Columns


Standard C/C++

Implementing <fstream>

P.J. Plauger


P.J. Plauger is senior editor of C/C++ Users Journal. He is convener of the ISO C standards committee, WG14, and active on the C++ committee, WG21. His latest books are The Draft Standard C++ Library, and Programming on Purpose (three volumes), all published by Prentice-Hall. You can reach him at pjp@plauger.com.

Introduction

Last month, I introduced the header <fstream> from the draft Standard C++ library. (See "Standard C: The Header <fstream>," CUJ, April 1995.) It provides the classes you need to read and write external files and devices, in the guise of extracting from an istream object or inserting to an ostream object. I continue this month with a description of one way to implement these classes.

This implementation should be largely familiar to those of you with some experience with existing iostreams packages.
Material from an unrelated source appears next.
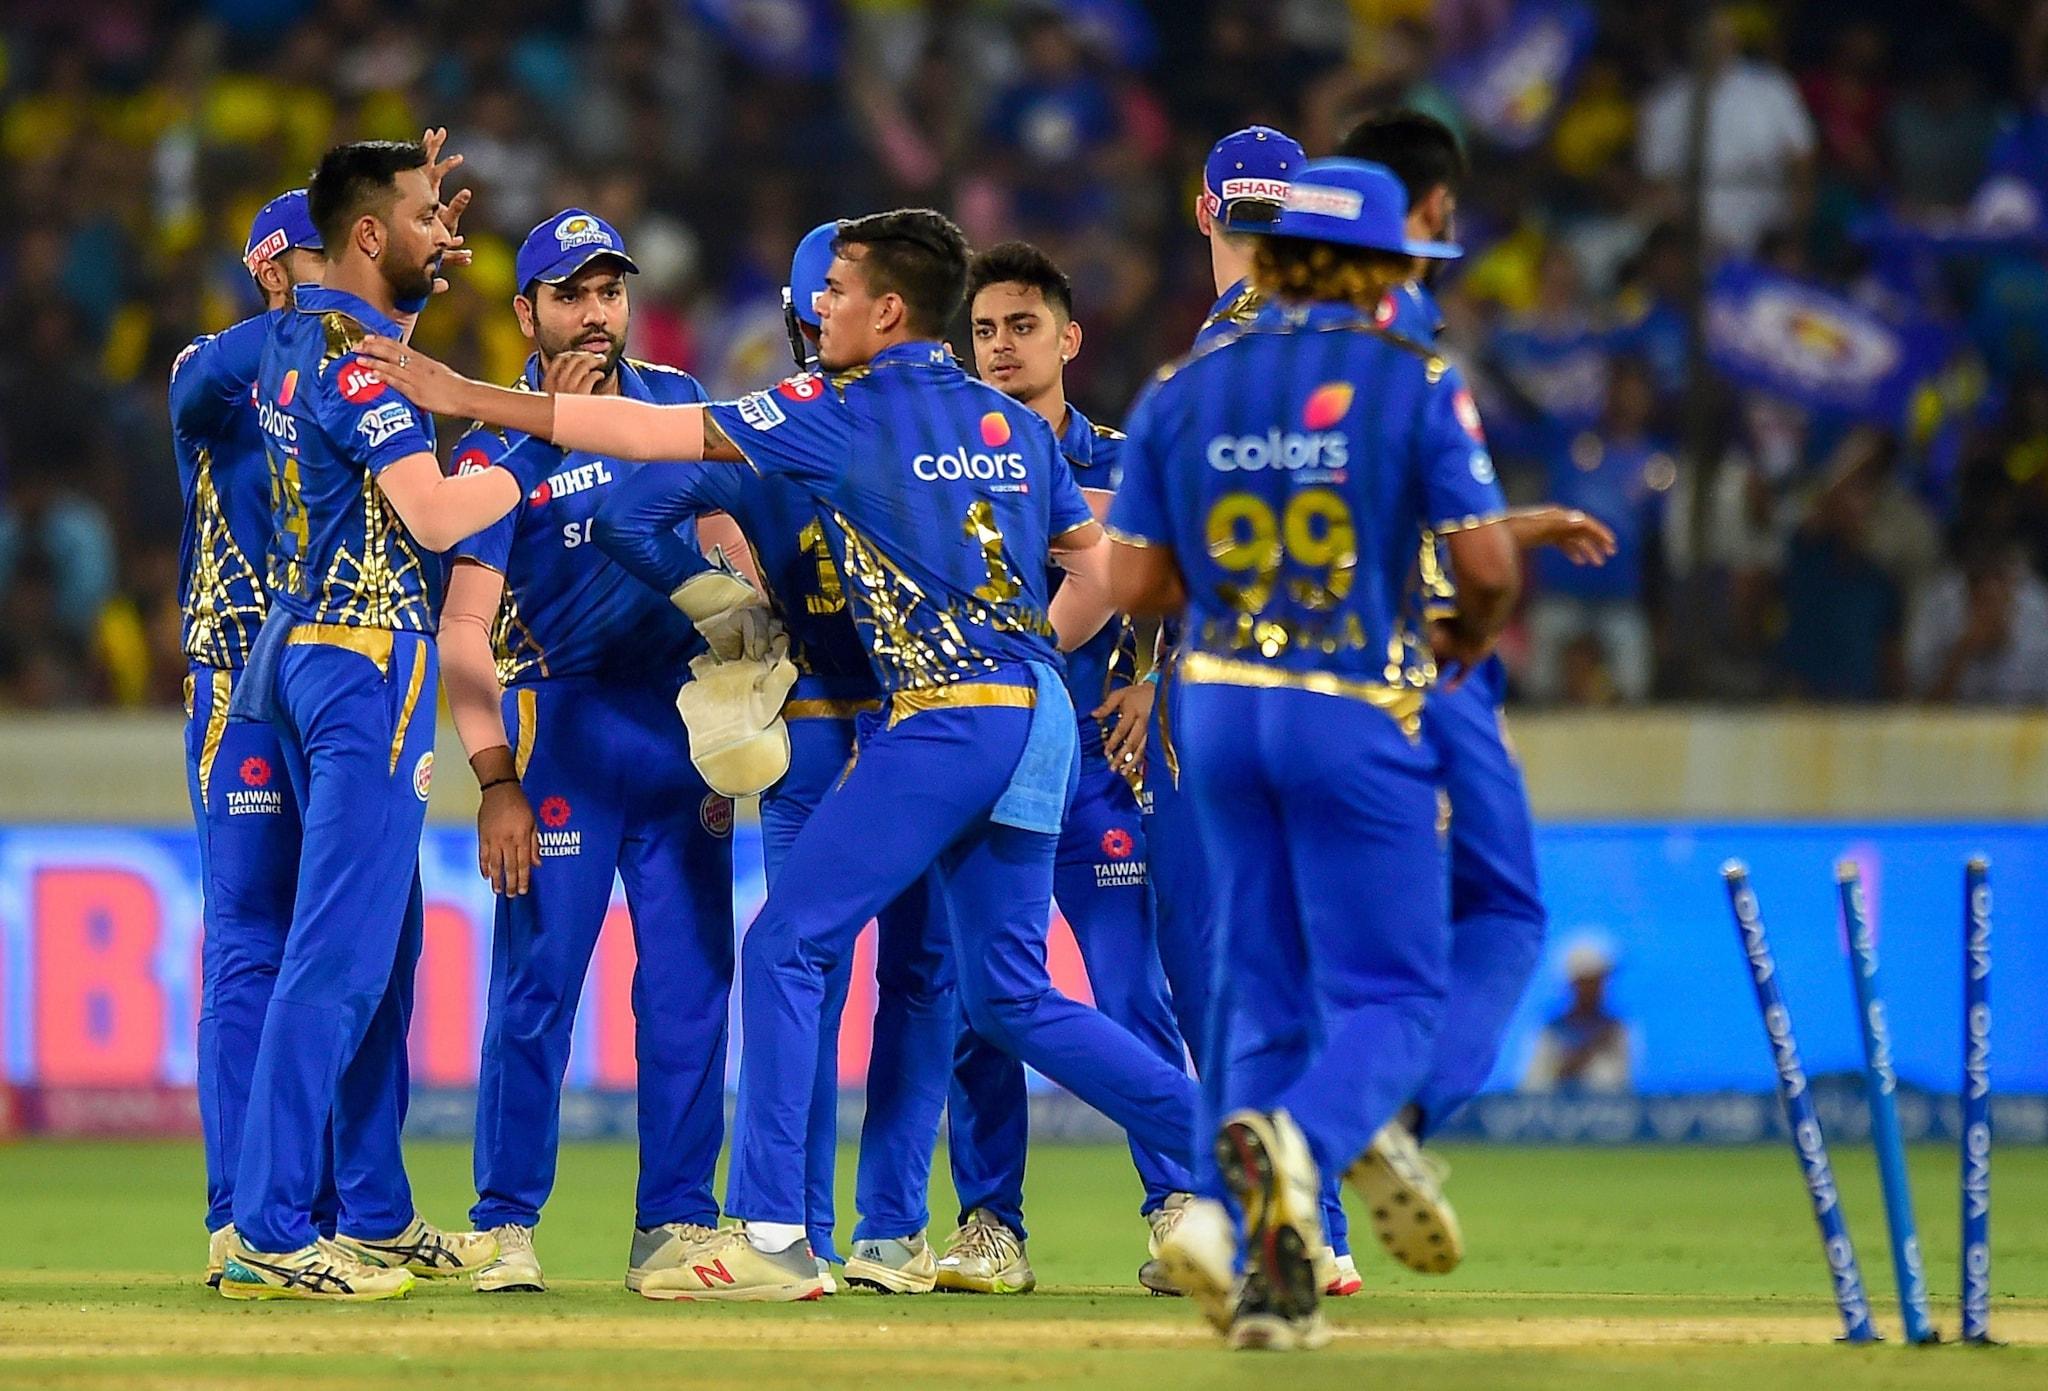 MI player Krunal Pandya celebrates with teammates after claiming the wicket of Chennai Super Kings (CSK) batsman Faf du Plessis | PTI

While the draft C++ Standard has introduced various small changes from traditional technology, char-based file I/O is heavily rooted in existing practice. The really new stuff is all the templates introduced into the library. I plan to avoid talking about them for a bit longer, at least.

Listing 1 shows the file fstream, which implements the standard header <fstream>. It defines the classes filebuf, ifstream, ofstream, stdiobuf, istdiostream, and ostdiostream. I begin with several notes on class filebuf, which is the workhorse class for this header.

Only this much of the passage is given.